** Task **
Write out the data below in full, unchanged, minus the images.

-------- Stored data

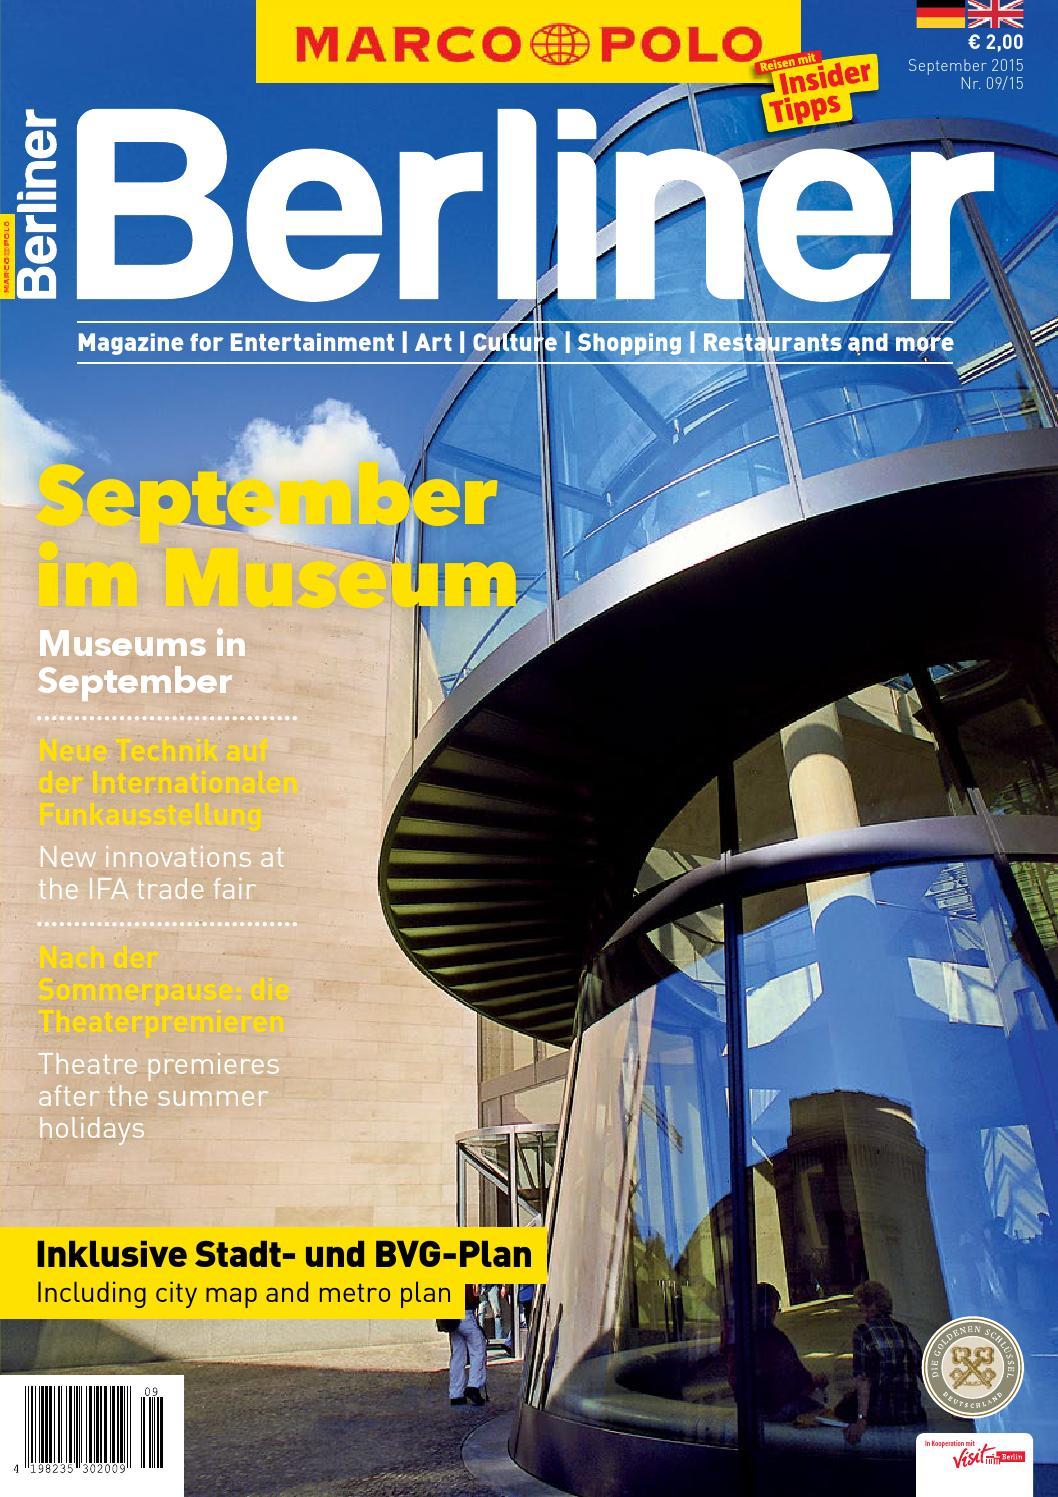 MARCO POLO Berliner 09/15 by Berlin Medien GmbH - issuu
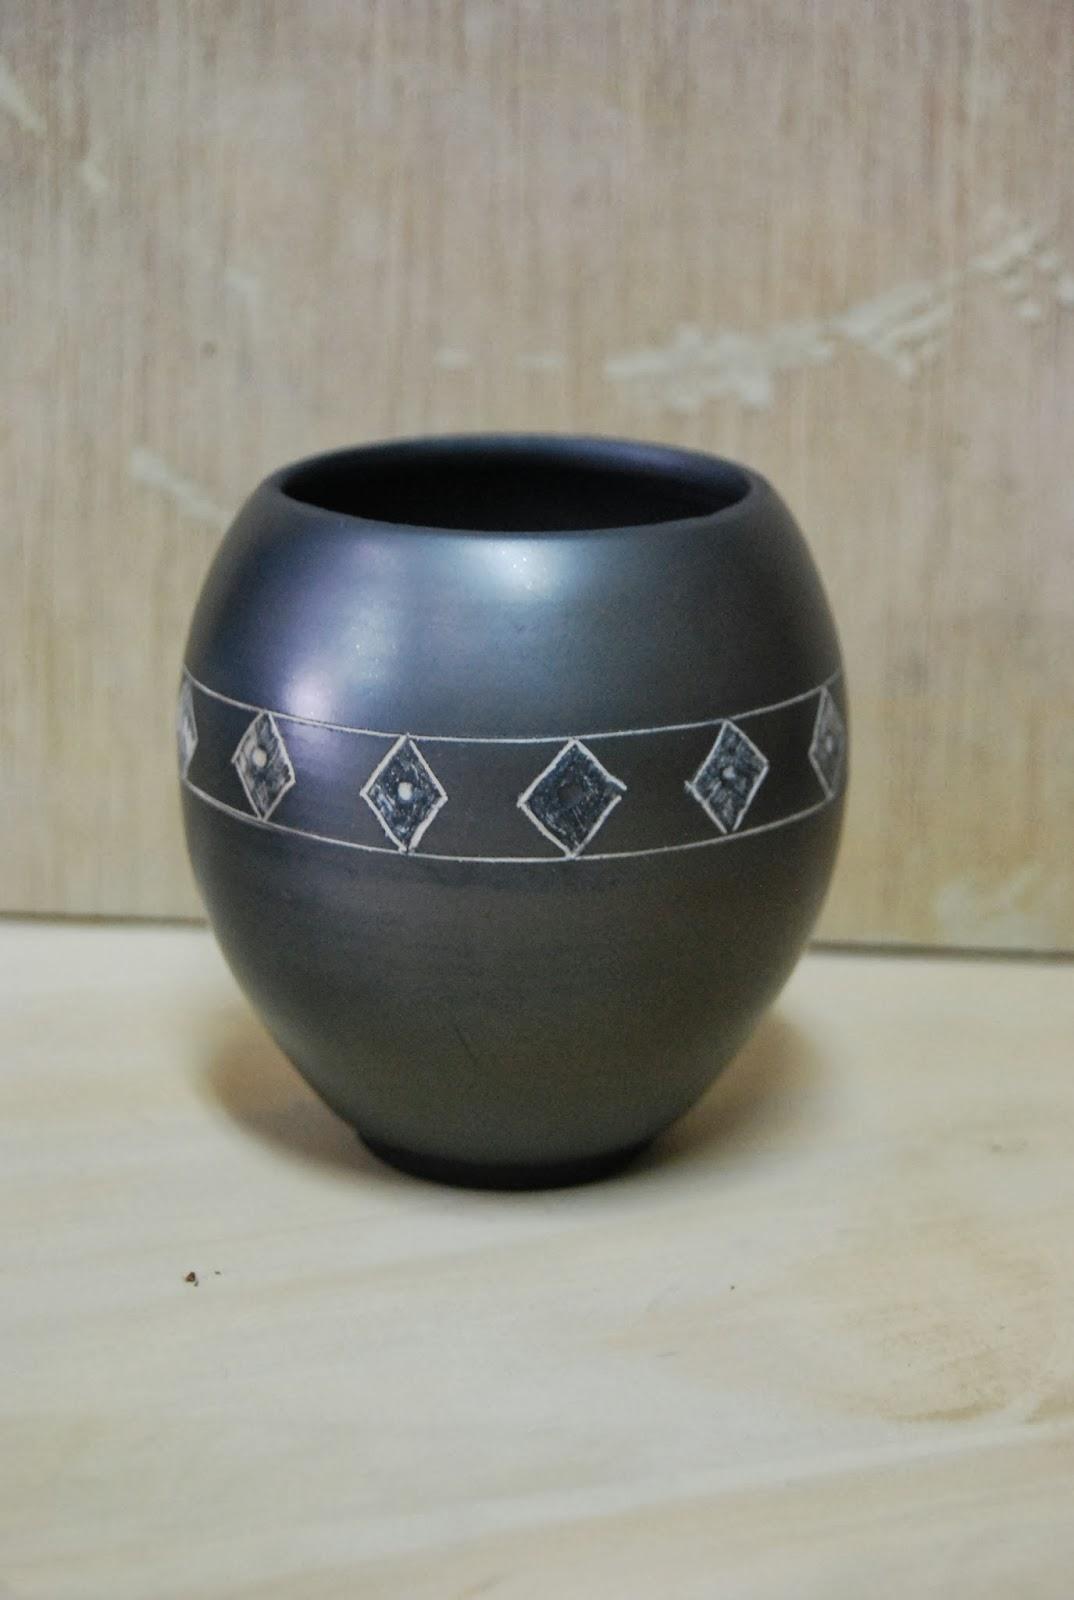 Kypsela fotos de piezas de cursos de cer mica negra - Fotos de ceramica ...
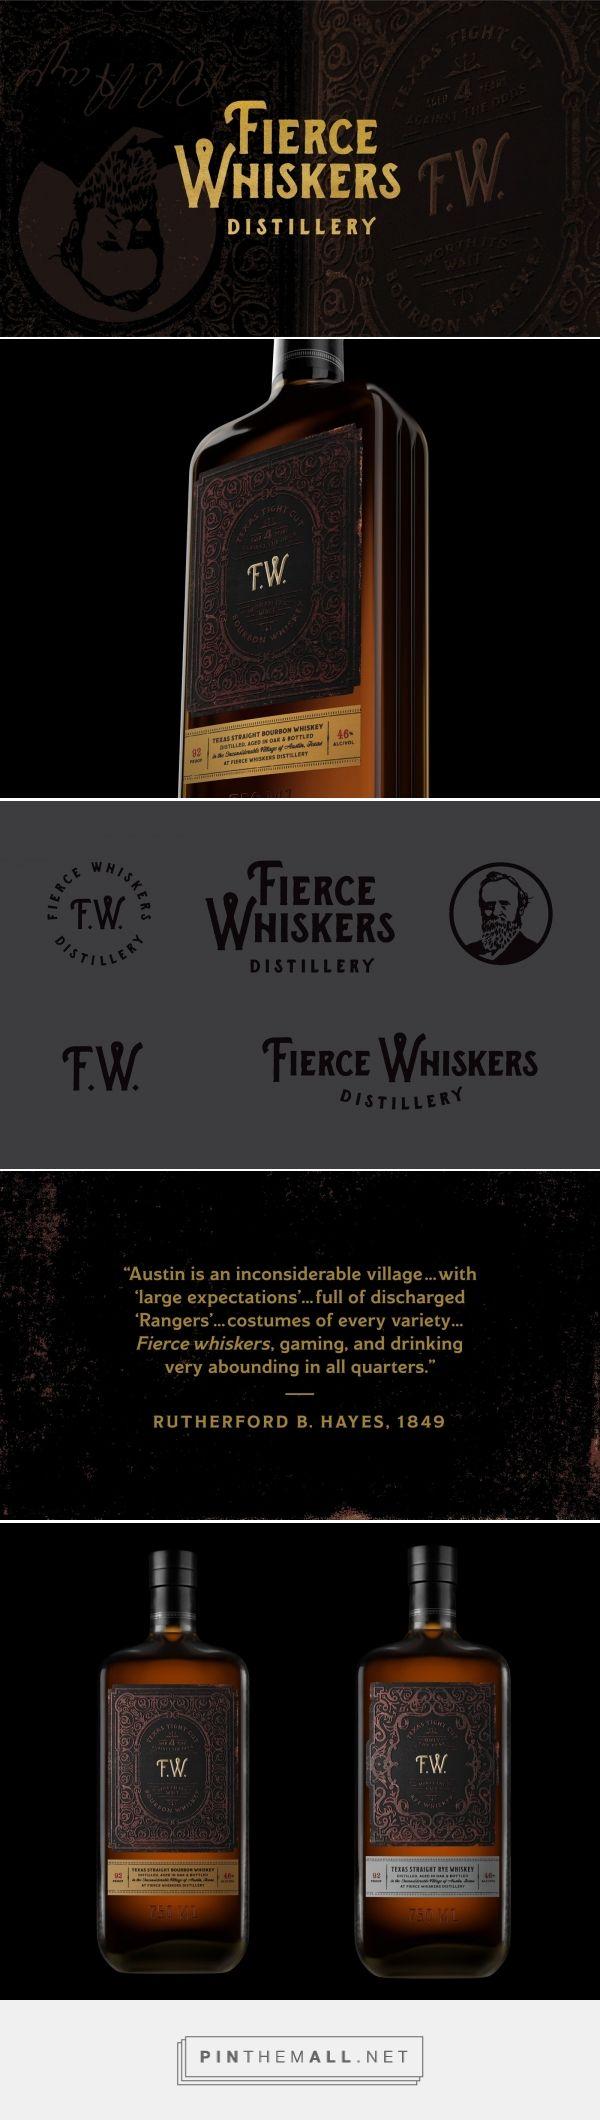 Fierce Whiskers Distillery packaging design by The Butler Bros - https://www.packagingoftheworld.com/2018/02/fierce-whiskers-distillery.html
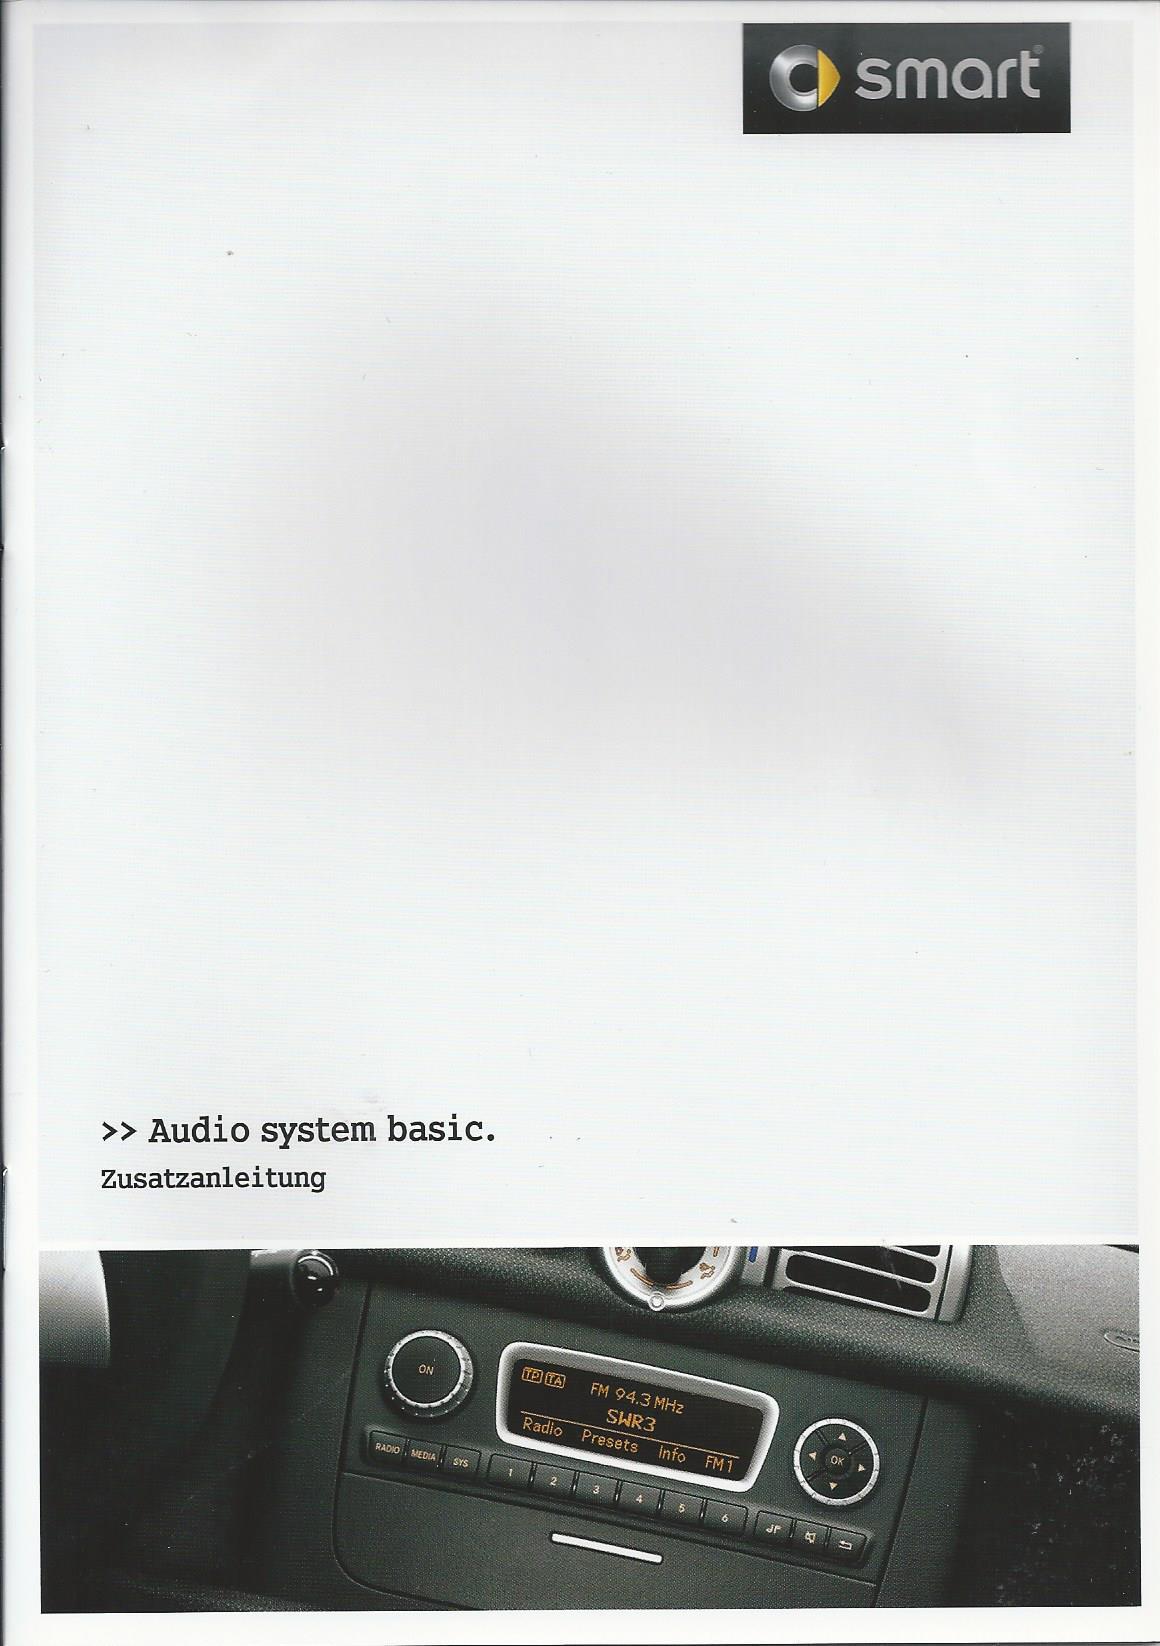 smart audio system basic 2012 betriebsanleitung handbuch bordbuch rn ebay. Black Bedroom Furniture Sets. Home Design Ideas

----------------

** Your solution **
 MARCO POLO Berliner 09/15 by Berlin Medien GmbH - issuu
 Kypsela fotos de piezas de cursos de cer mica negra - Fotos de ceramica ...
 Fierce Whiskers Distillery packaging design by The Butler Bros - https://www.packagingoftheworld.com/2018/02/fierce-whiskers-distillery.html
 smart audio system basic 2012 betriebsanleitung handbuch bordbuch rn ebay. Black Bedroom Furniture Sets. Home Design Ideas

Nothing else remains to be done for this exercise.